Не на всех судах все обстояло так плохо. Николаю Ключареву, отбывшему в Австралию на пароходе «Нелли» в 1950 году, поначалу понравились чистота и порядок на борту; кроме того, там выпускалась корабельная газета, проводились уроки английского, устраивались концерты, танцевальные вечера, кинопоказы – все это он расписывал в самых радужных красках. Правда, с десяти вечера действовал комендантский час (для недопущения непристойного поведения), и ходили слухи, что, если парочку застукают за сексом на палубе, обоих нарушителей приличий отошлют обратно в Германию. С семи утра и до десяти вечера в громкоговорители безостановочно зачитывались всевозможные инструкции и советы. Зато в ту первую неделю пассажирам даже подавали свежие фрукты. Обстановка резко переменилась, как только судно попало в первый шторм. Большинство пассажиров сразила морская болезнь.
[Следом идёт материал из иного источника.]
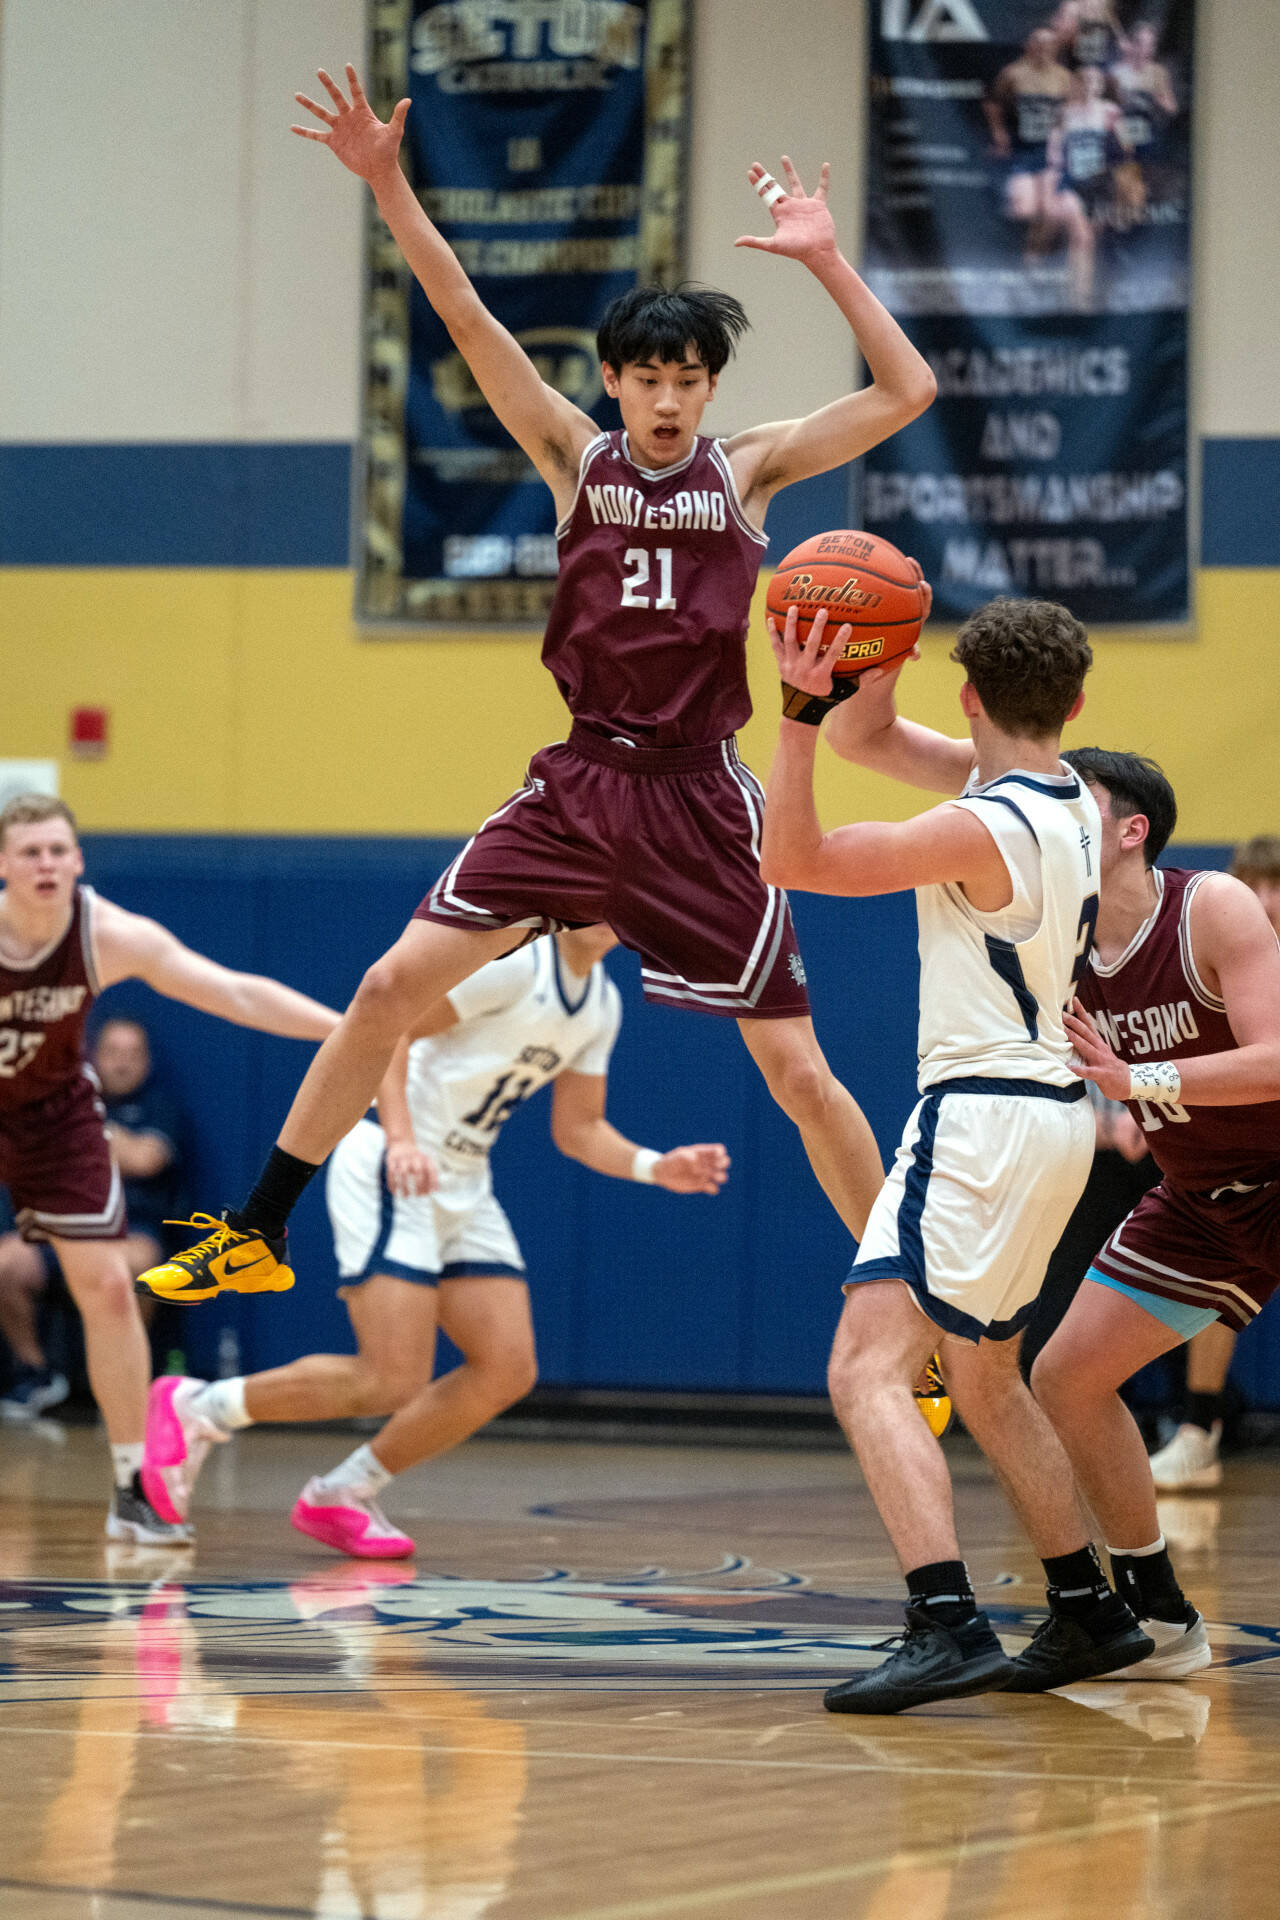 PHOTO BY FOREST WORGUM Montesano guard Delon Chan (21) defends Seton Catholic’s Brady Angelo during the Bulldogs’ 58-46 loss in a 1A District 4 Tournament semifinal game on Friday in Vancouver.

На борту царило железное правило: с восьми до одиннадцати часов утра все пассажиры должны были находиться на палубе, пока происходила уборка спальных помещений и совершались ежедневные медицинские и полицейские обходы; на это время запирались все уборные, кроме одной. Поэтому маявшиеся морской болезнью пассажиры кое-как выползали на палубу и бессильно лежали там, мучаясь неудержимой тошнотой[524].
Но, несмотря на все неприятности, во время этих долгих плаваний молодые эмигранты часто развлекались как могли. Так, во всяком случае, можно подумать, рассматривая фотографии, на которых они позируют на палубе в шортах и летних платьях, и читая их воспоминания о танцах под джазовую музыку по вечерам, не говоря уж о сексе в спасательных шлюпках. Однако, поскольку на борту собрались пассажиры разных национальностей, нередко вспыхивали конфликты, особенно между евреями (которых часто подозревали в симпатиях к коммунизму или к СССР) и мигрантами из Прибалтики или Восточной Европы (которых подозревали в пособничестве нацистам). На борту «Фейрси», прибывшего в Австралию в июне 1949 года, было много русских (хотя «многие были записаны украинцами, белорусами, поляками, латышами и т. д.»), среди которых затесались власовцы и «большая группа энтээсовцев». Как вспоминал один молодой энтузиаст, «еще находясь на теплоходе, они начали устраивать собрания членов союза для ознакомления и совместных планов работы в Австралии»[525].
Мигранты из Европы, ехавшие по программе массового переселения IRO, везли с собой относительно мало багажа (несколько чемоданов с личными вещами, профессиональными инструментами – по 50–100 килограммов, больше не разрешалось правилами) и еще меньше денег (из Германии запрещалось вывозить свыше 40 марок на человека)[526]. Иммигранты из Китая, которым предстояло более короткое и часто более приятное плавание, встречались с меньшими ограничениями, хотя семье Натана Мошинского, переселявшейся из Шанхая, пришлось прятать кое-что из ценностей (на руки, под одежду, нанизывали часы, а статуэтки Будды набивали американскими долларами). Большое семейство Галины Кучиной, покидавшее в 1957 году Хайлар и Харбин по программе, организованной Всемирным советом церквей, везло с собой все, что могло бы пригодиться на первых порах в Австралии: костюмы и пальто, сшитые на заказ в ателье, обувь и нижнее белье, стеганые одеяла, а также большой, на несколько лет, запас одежды на вырост для маленькой дочери[527].